Source: VitaClay Chef



  • ¼ cup oil I used avocado oil - olive oil works too

  • ⅓ cup all-purpose flour


  • 2 medium bell peppers cored and finely chopped

  • 2 celery stalks diced

  • 1 onion diced

  • 3 cups sliced okra you can use fresh or frozen

  • 5 cloves garlic minced

  • 3 cups vegetable stock

  • 6-10 small to mediumtomatoes, diced

  • 2 cups organic mushrooms

  • 4 cups cauliflower florets about half of a medium cauliflower head


  • 1 tablespoon paprika

  • 2 teaspoon garlic powder

  • 1 teaspoon onion powder

  • 1 teaspoon dried oregano

  • 1 teaspoon dried thyme

  • 1 bay leaf

  • 2 teaspoon salt

  • 1 teaspoon black pepper

  • ½ teaspoon Tabasco

  • 1 ½ teaspoon liquid smoke

  • 1 teaspoon vegetarian Worcestershire sauce

  • (optional) 4 tablespoons scallions finely chopped, to serve


  1. In a large, heavy-bottom pan, heat oil on medium-high heat. When hot, sauté onion, garlic and pepper in olive oil until they become translucent. Transfer to your clay pot.
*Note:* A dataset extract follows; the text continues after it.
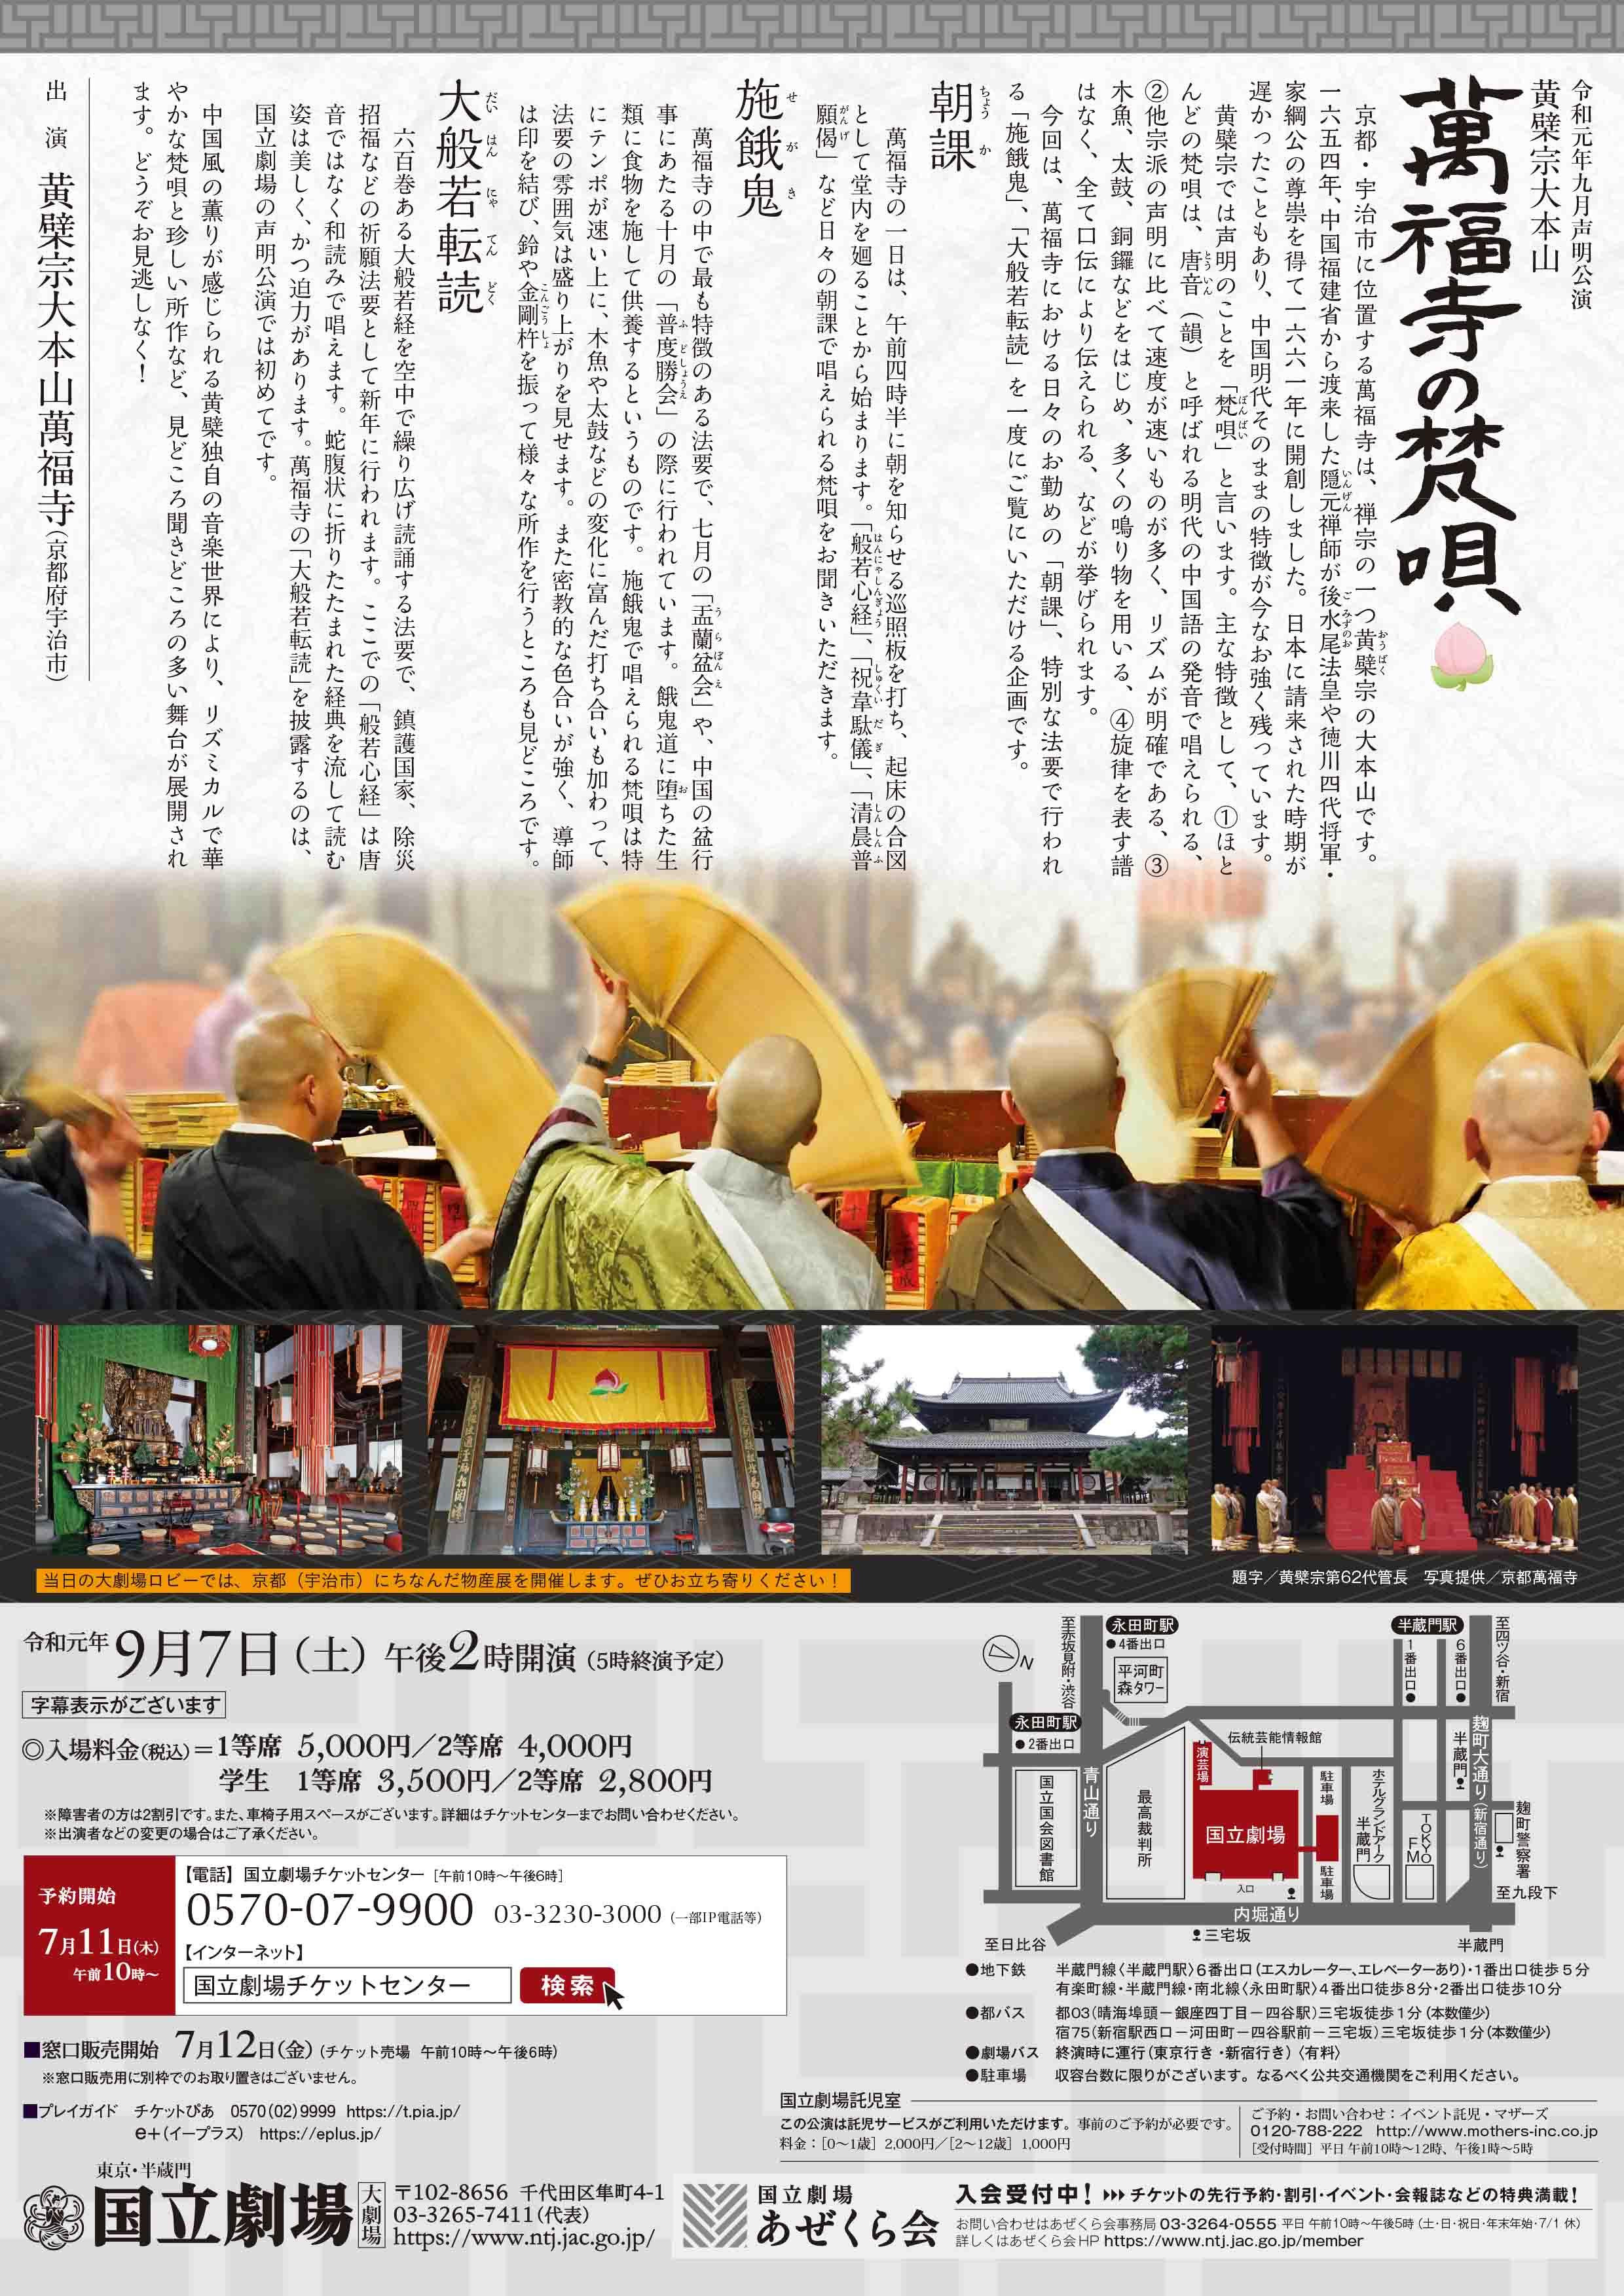 01萬福寺の梵唄ウラ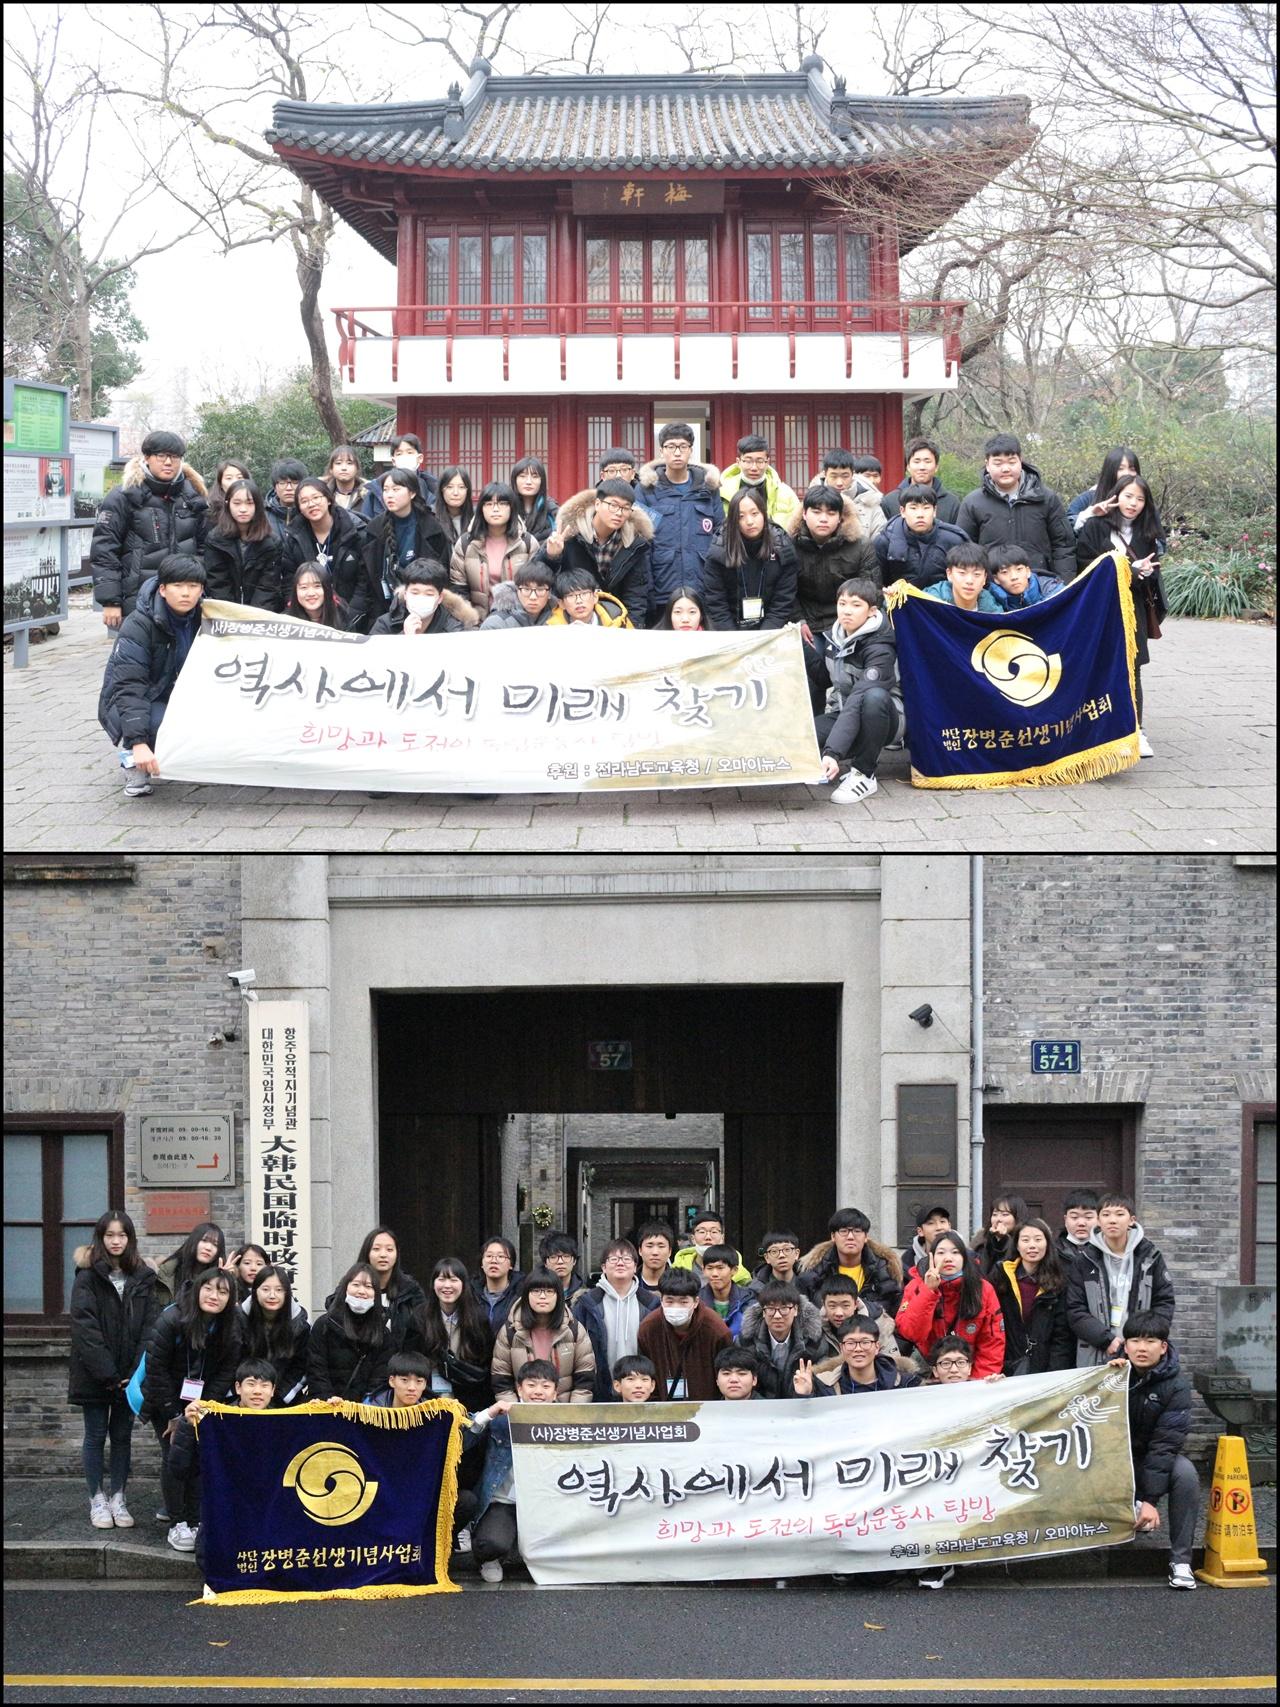 윤봉길 기념관 앞에서 (위), 항저우 임시정부청사 앞에서 (아래) 역사에서 미래찾기 사진

  2. In the pan, add the flour and whisk until incorporated. Continue cooking, whisking constantly, for about 20 minutes or until the mixture (called a roux) reaches a dark amber color. Make sure to keep an eye on the roux at all times to make sure it doesn’t burn. Reduce the heat if it’s browning too quickly and starts smelling a bit burnt. Transfer to your clay pot.

  3. Add the rest ingredients in your clay pot. Mix until well combined.

  4. Set on Stew or fast to cook for 30-40 minutes.

  5. Serve with hot cooked rice, and top with scallions.